In the left-wing Asahi Shimbun, the mood was, unsurprisingly, despondent about the passage of the bill. At the same time, though, the tone was defiant, taking up the prime minister’s challenge to make the July Upper House elections about constitution revision.
The issue of most concern seems to be that in the LDP’s draft constitution produced last year, the second clause of Article 9 says, in lieu of the prohibition on the maintenance of armed forces for aggressive war and the renunciation of the right of belligerency, “To ensure the peace and independence, as well as the security, of our country, the prime minister shall be the commander-in-chief and a self-defense ‘army’ shall be maintained.” [The draft uses 自衛軍 instead of 自衛隊, indicating the elevation of the JSDF — which currently use the nominally more modest-sounding “force” — into a proper military.]
Lamenting the lack of debate heretofore, Asahi argues that this proposed change should be the basis for a popular debate on revision.
The right-of-center Yomiuri Shimbun, meanwhile, criticizes the DPJ for its opposition, in spite of the fact that “not a small number of members” believe strongly in revision. Echoing the prime minister, Yomiuri argues, “The international situation and Japan’s security environment have been dramatically transfigured, Japan’s economic system is changing fundamentally, and there are conditions at home and abroad that could not even be imagined at the time the constitution was created. Furthermore, [Japan] must weather more waves of great change to come.” Yomiuri also argues that it is imperative for the DPJ and Komeito to make their own draft revisions quickly.
The right-wing Sankei Shimbun, similar to the Yomiuri, criticized the DPJ and Komeito for heretofore failing to draft substantive revision, and laments the superficial character of the constitution revision debate thus far, which is odd, considering that unlike the Asahi and Yomiuri editorials, the Sankei editorial does not even hint at what the major points of discussion ought to be.
Obviously readers will note that one common thread running through these editorials is concern about the quality of debate thus far, and calls for a widespread debate on revision in the Diet and among the Japanese people at large. Interestingly, when discussing the issues involved in revision, the editorials talked solely about Article 9. While Article 9 is fundamental — the constitution is, after all, often described as “Japan’s pacifist constitution” — it seems that the debate is as much about what kind of country Japan should be in the twenty-first century; Japan’s security posture is but one part of that debate, and it is imperative that other parties to the debate begin to take in the same terms as Abe. To date, it seems that Abe alone has talked, however vaguely, about the Japan as it ought to be, essentially having the field to himself.

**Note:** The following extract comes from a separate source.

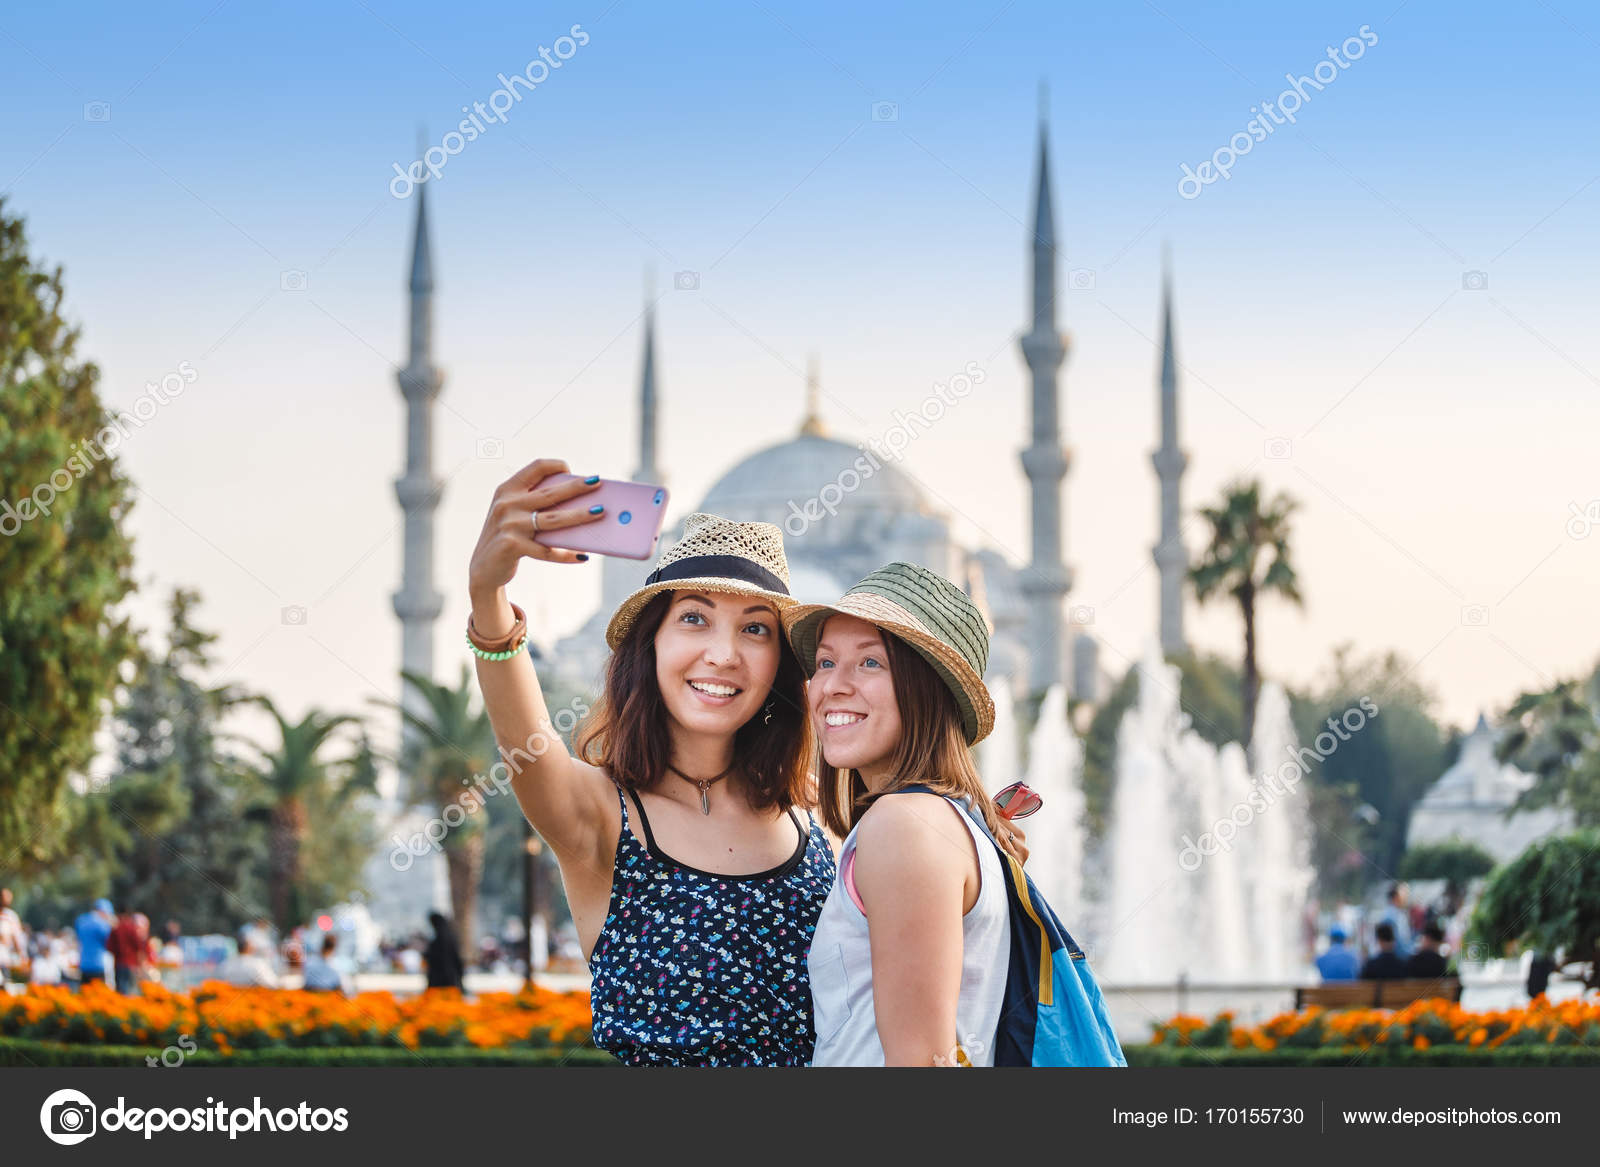 Тур путевка стамбул. Туристы в Турции. Стамбул туристы. Турция туризм. Счастливые туристы в Стамбуле.

It is long past due for Abe’s opponents to present their own, preferably more concrete, visions for Japan’s future, and to challenge the assumptions made by the prime minister that constitution revision is a necessary step to a better future for Japan. The burden of proof is on advocates of revision, not on those who are skeptical about or in outright opposition to revision: Abe and company have to demonstrate, concretely, how the system designed by the constitution has failed, and how revision will enable the Japanese state and people to better cope with future challenges and ensure continuing prosperity.
It is also time that opinion leaders begin questioning the government’s assumption that constitution revision is a necessary condition for creating a “beautiful country.” I strongly disagree with Yomiuri‘s argument that because aspects of the world today were not envisioned sixty years ago, the constitution must be reformed. Statements like that must be backed up with solid demonstrations of what makes them so.
Has the modern world fatally undermined the relevance of Japan’s postwar constitution? How so?
When Abe talks about discarding the postwar regime, what does that mean? What part of the regime? Just the security bits? Or the whole bloody mess? If so, why isn’t Abe talking about destroying the LDP, which has played an outsized role — arguably a more significant role than the constitution — in shaping postwar Japan?
Vestiges of the 1955 system, which has long distorted policy by placing sectional and local interests above national interests, remain. Why isn’t Abe turning his attention to this significant piece of the “postwar regime”?
And what about the assumption that because Japan’s security environment is changing, it must revise its constitution? Why revise, if re-interpretation will suffice?
And, above all, what exactly do the Japanese people want?
On these questions, it seems that Abe and other advocates of revision have been given a free pass.
Ultimately, I think constitution revision is useless without political reform. Japan’s problem is not its constitution, but rather the parasitic policy making system — the alliance between the LDP and the bureaucracy — that has no constitutional standing whatsoever, and has perverted Japan’s institutions to selfish ends. Changing the constitution without changing the policy making process, which necessarily means destroying the LDP as it exists, is futile.